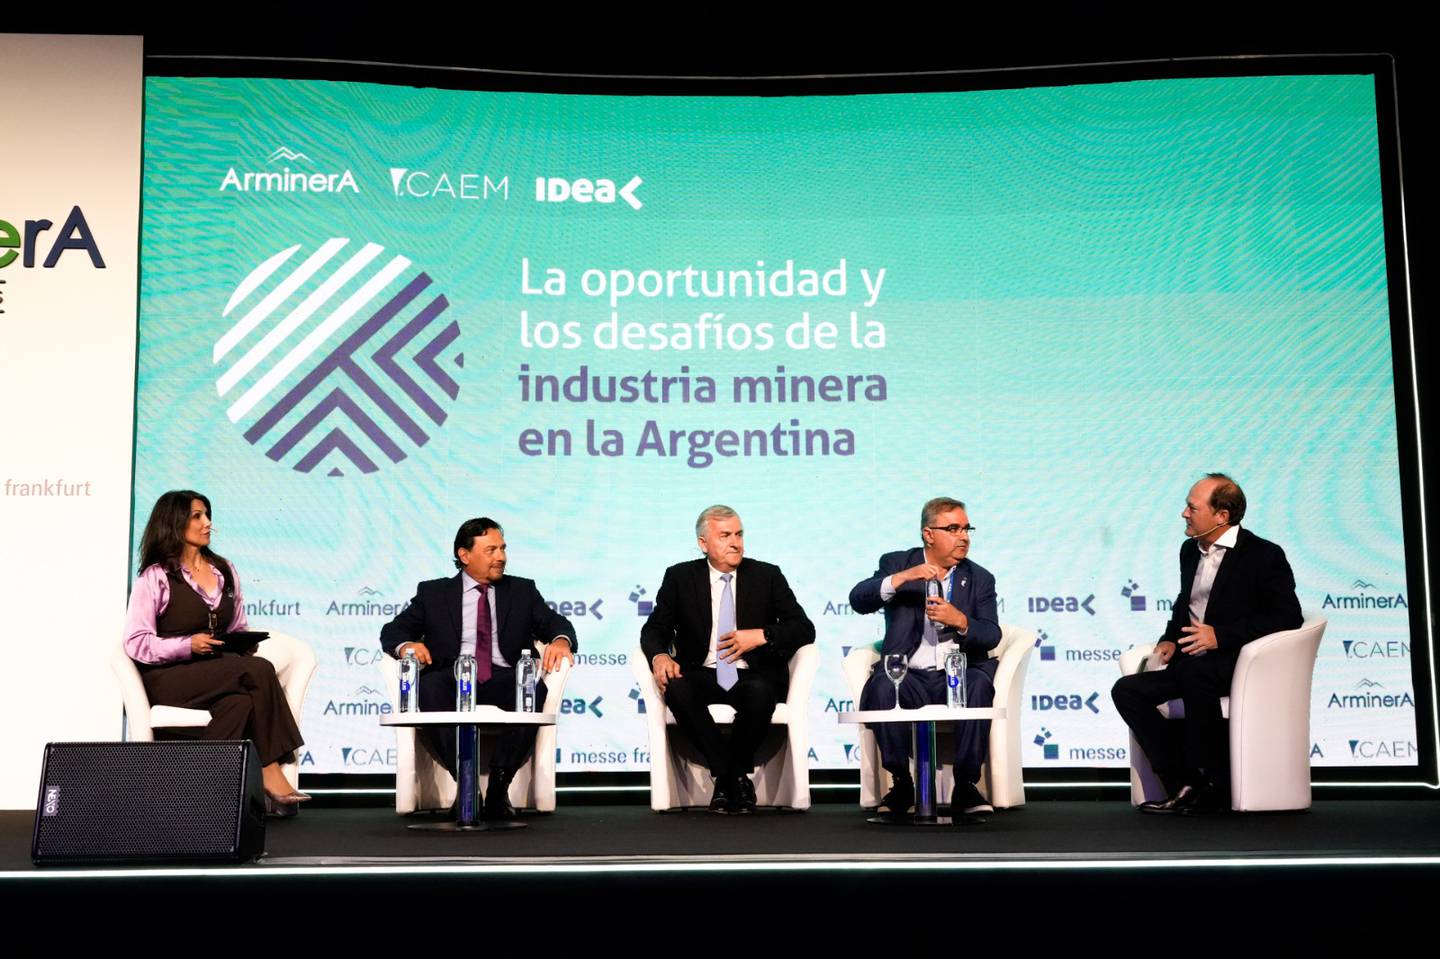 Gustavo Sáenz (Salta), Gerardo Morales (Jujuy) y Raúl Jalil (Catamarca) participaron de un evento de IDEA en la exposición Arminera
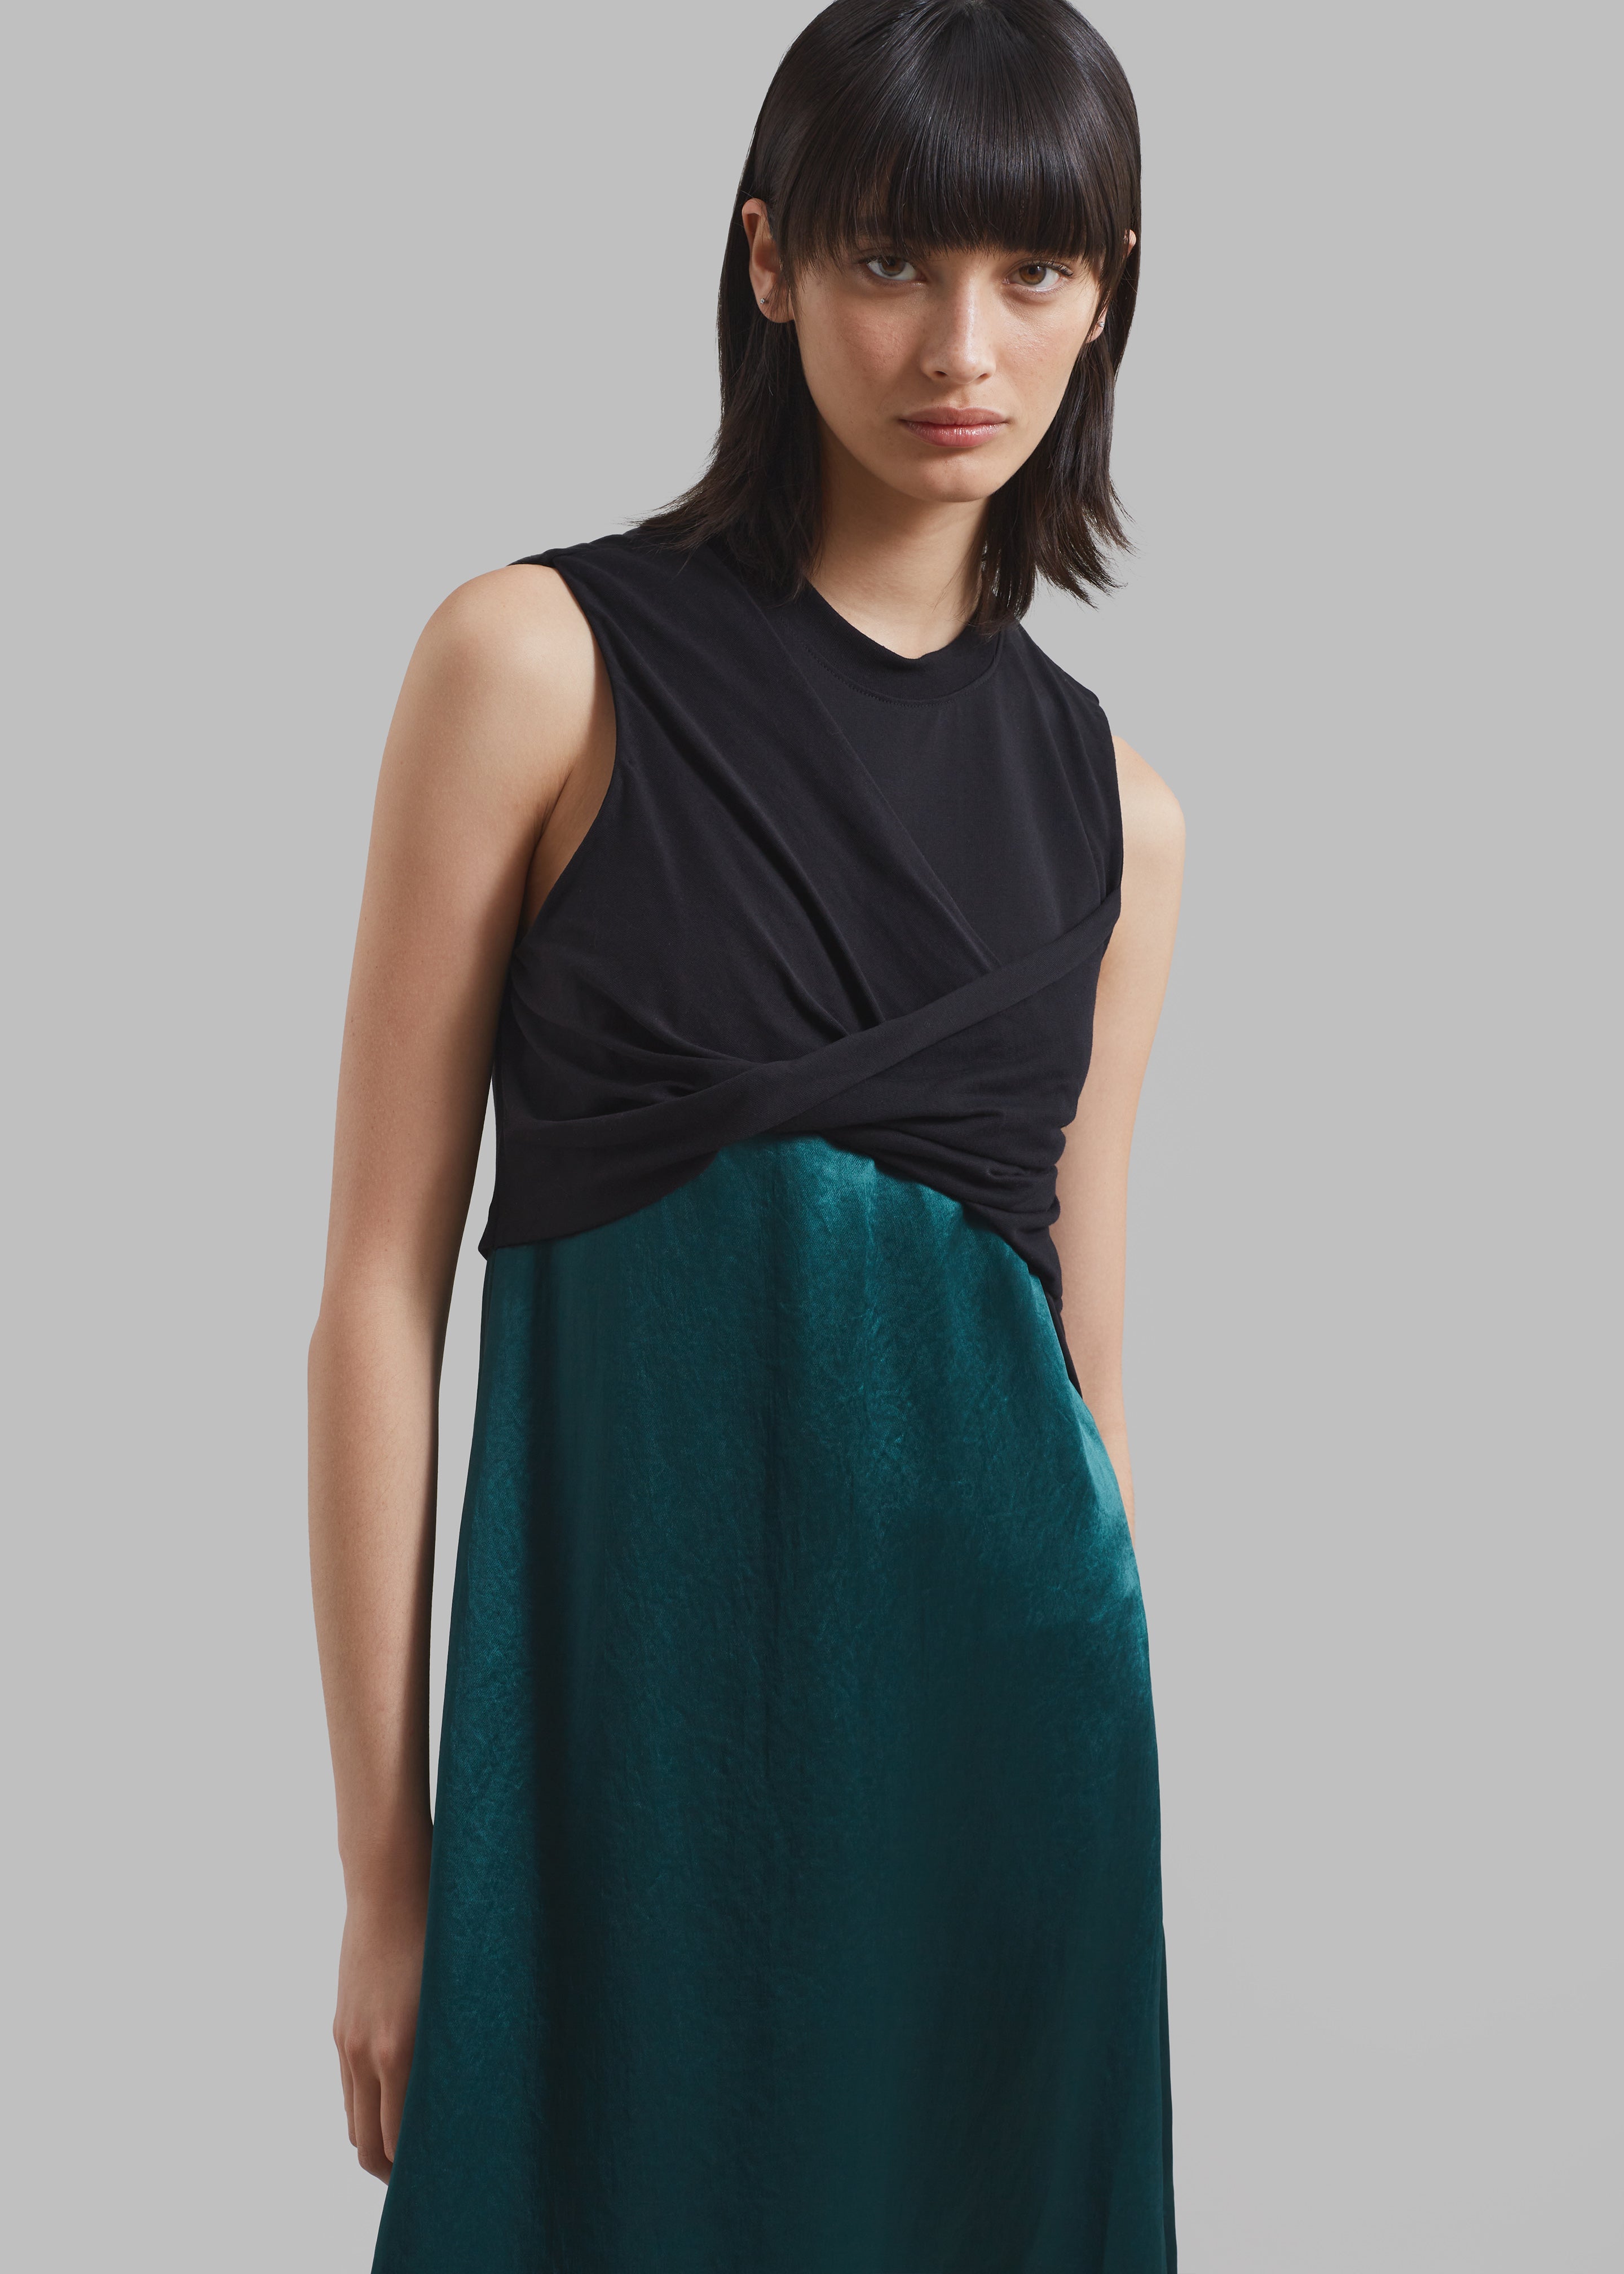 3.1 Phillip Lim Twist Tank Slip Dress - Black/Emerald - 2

○ ○ ○ ○ ○

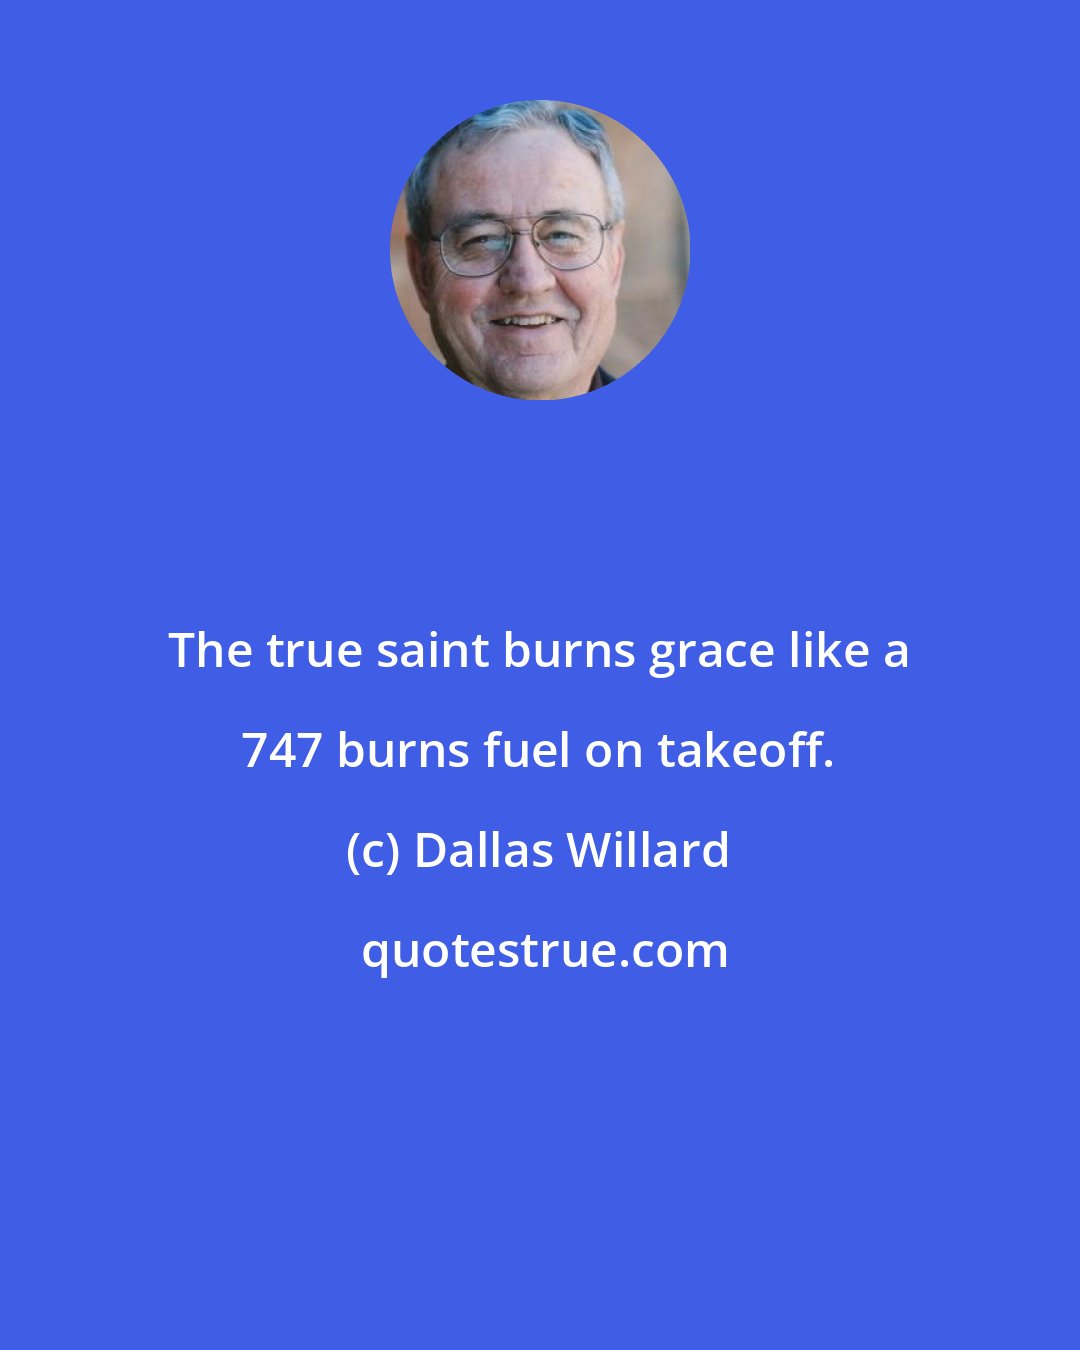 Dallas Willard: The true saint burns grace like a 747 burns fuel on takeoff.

○ ○ ○ ○ ○

__WORK ITEM__
Could you repeat, exactly, only the lines above starting at the one that has "Gustavo Sáenz (Salta), Gerardo" and stopping after the one that has "3.1 Phillip Lim", without the pictures?

__PROBLEM SOLUTION__
 Gustavo Sáenz (Salta), Gerardo Morales (Jujuy) y Raúl Jalil (Catamarca) participaron de un evento de IDEA en la exposición Arminera
 3.1 Phillip Lim Twist Tank Slip Dress - Black/Emerald - 2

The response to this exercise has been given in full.